Concept aside, the film is pretty clunky. Whannell said in an interview that a producer on the film suggested he add some scenes to create more character development. This is unheard of. Producers are always the ones trying to cut scenes. He definitely should have listened to them. And maybe gotten a co-writer to rewrite the dialogue.
THE NEXT INSTALLMENT OF MOVIES IN THE MIDDLE IS…
People Places Things (2015)
DESCRIPTION: “Will Henry, an author and a professor, finds it difficult to juggle being a single parent and fulfill his obligations of a writer, owing to his writer's block, whilst dealing with his students.”
I will watch anything with Flight of the Concord’s Jamaine Clement. And this looks like it might be good regardless of his performance.
WHERE TO WATCH: Available to rent everywhere.
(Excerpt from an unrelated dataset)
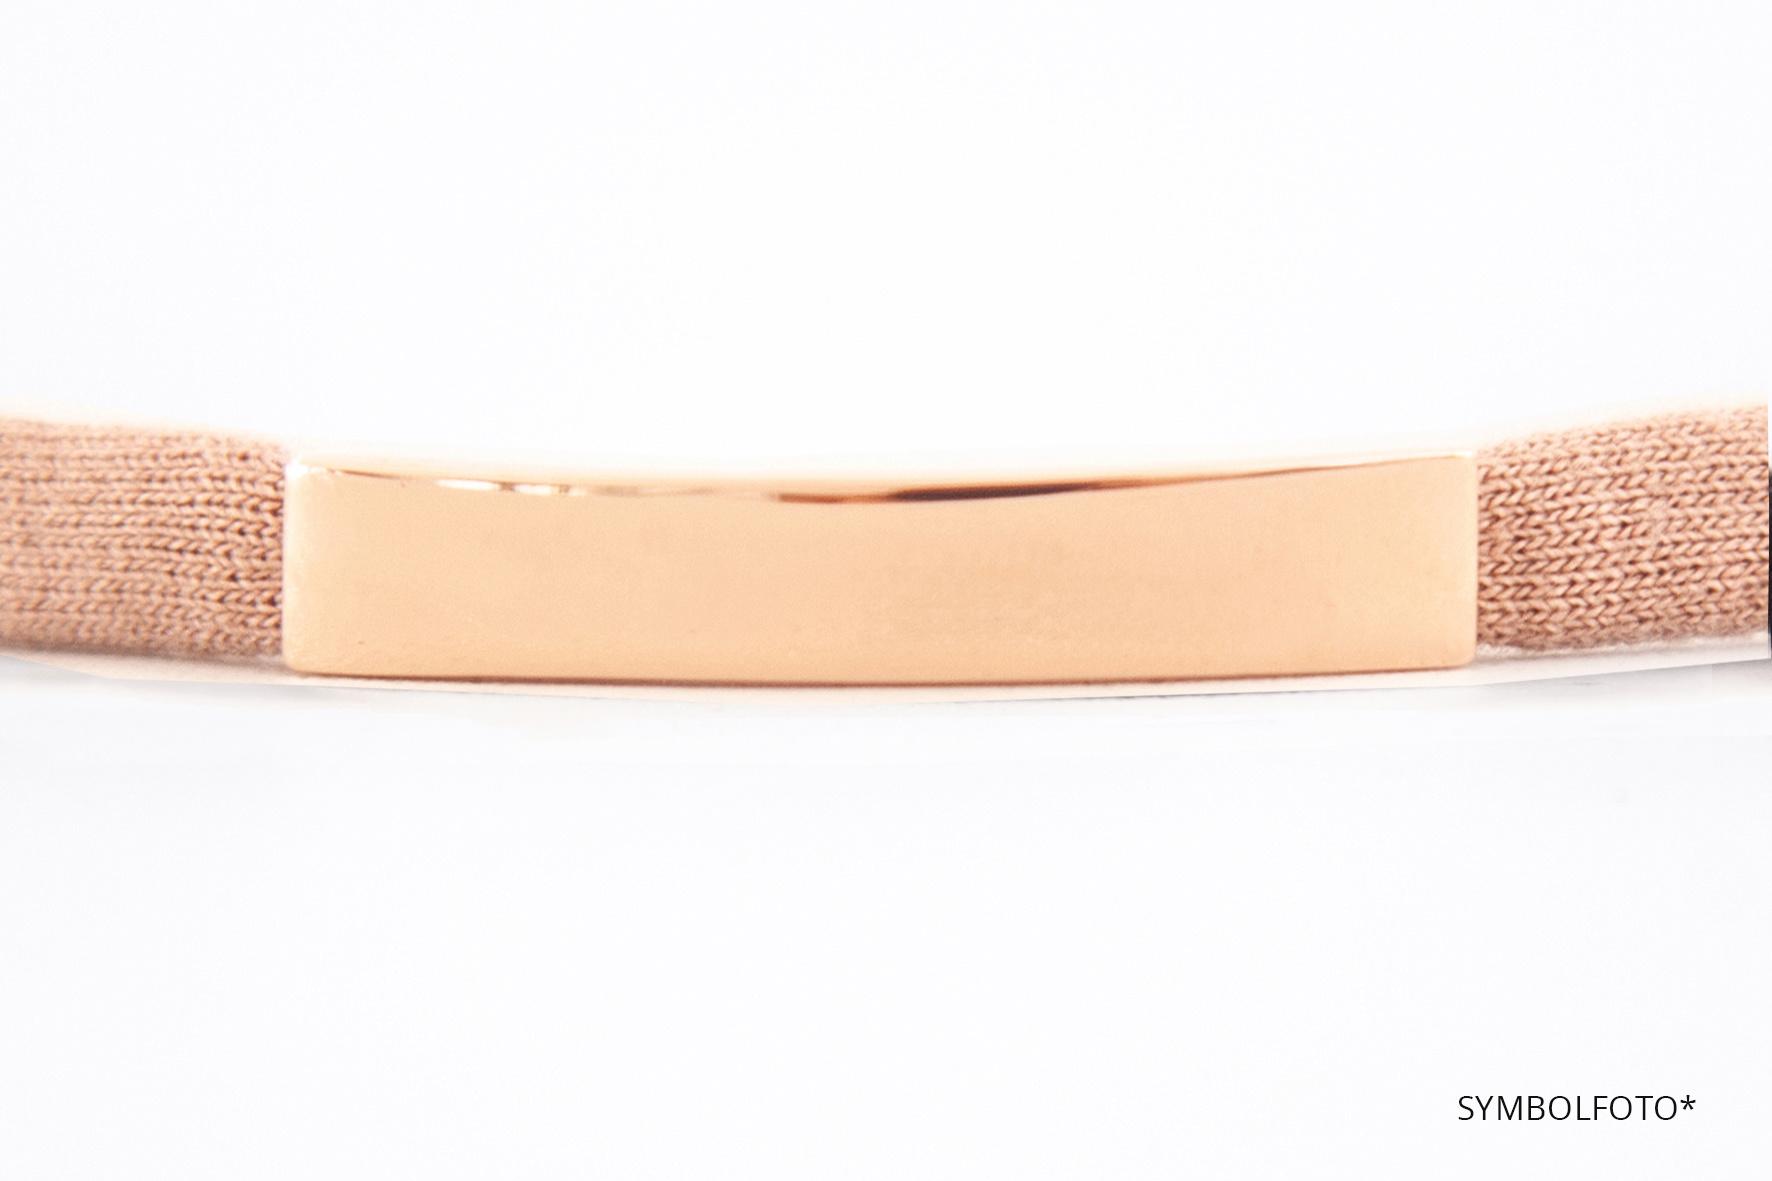 PERSÖNLICHE GRAVUR/ rosegold glossy /N*dividual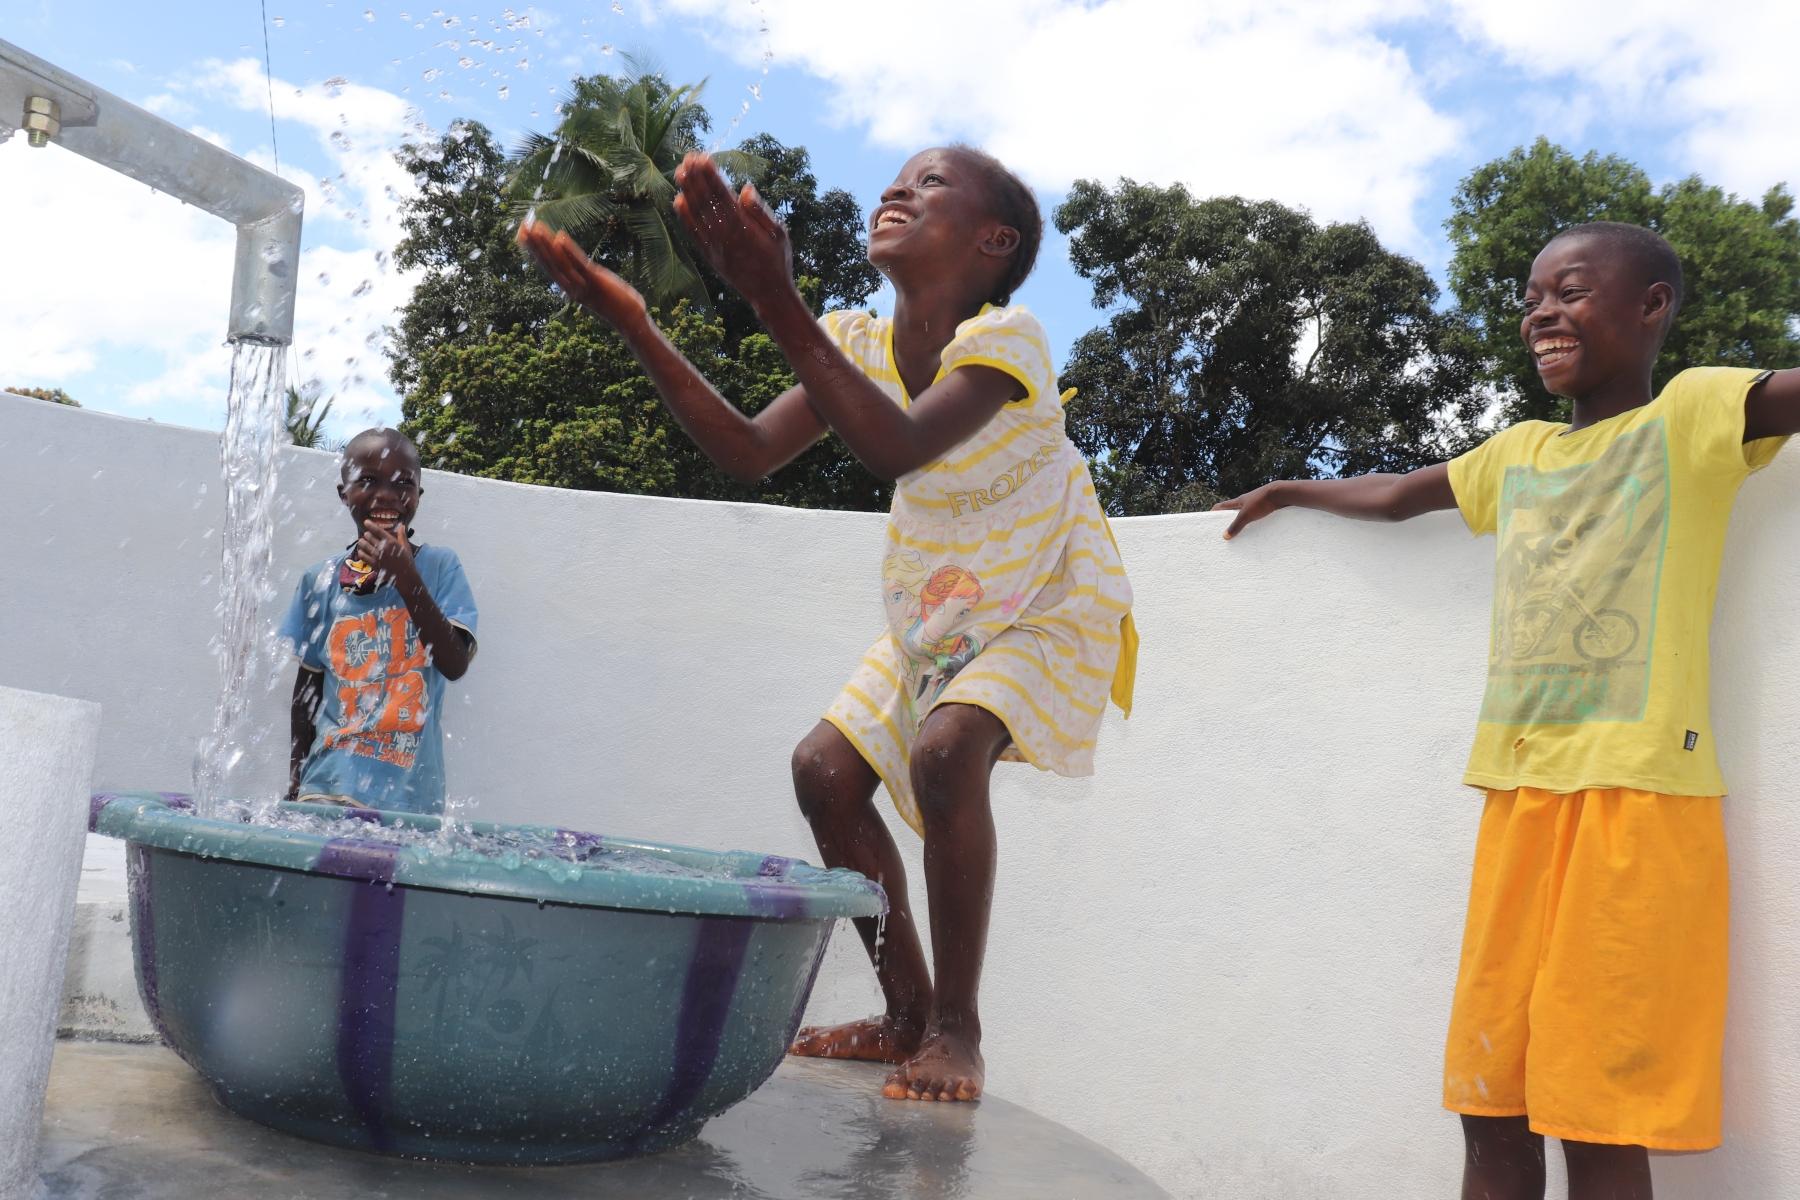 The Water Project : sierraleone20427-kids-celebrating-and-splashing-1

Free (with ads) on Tubi in the U.S.
See you on July 4!
Geez, who cares about the movies, let me just read the reviews! Even if the movie is awful, the entire experience is enjoyable. Perhaps it's like global day-length: the North pole gets just as much annual daylight as Quito, Ecuador. That is, the light sum is the same for the two locations, though while one is at its zenith the other is at its nadir. So, the worse the movie, the more entertaining the review. The audience is guaranteed a good experience. (Perhaps this is a strained analogy.)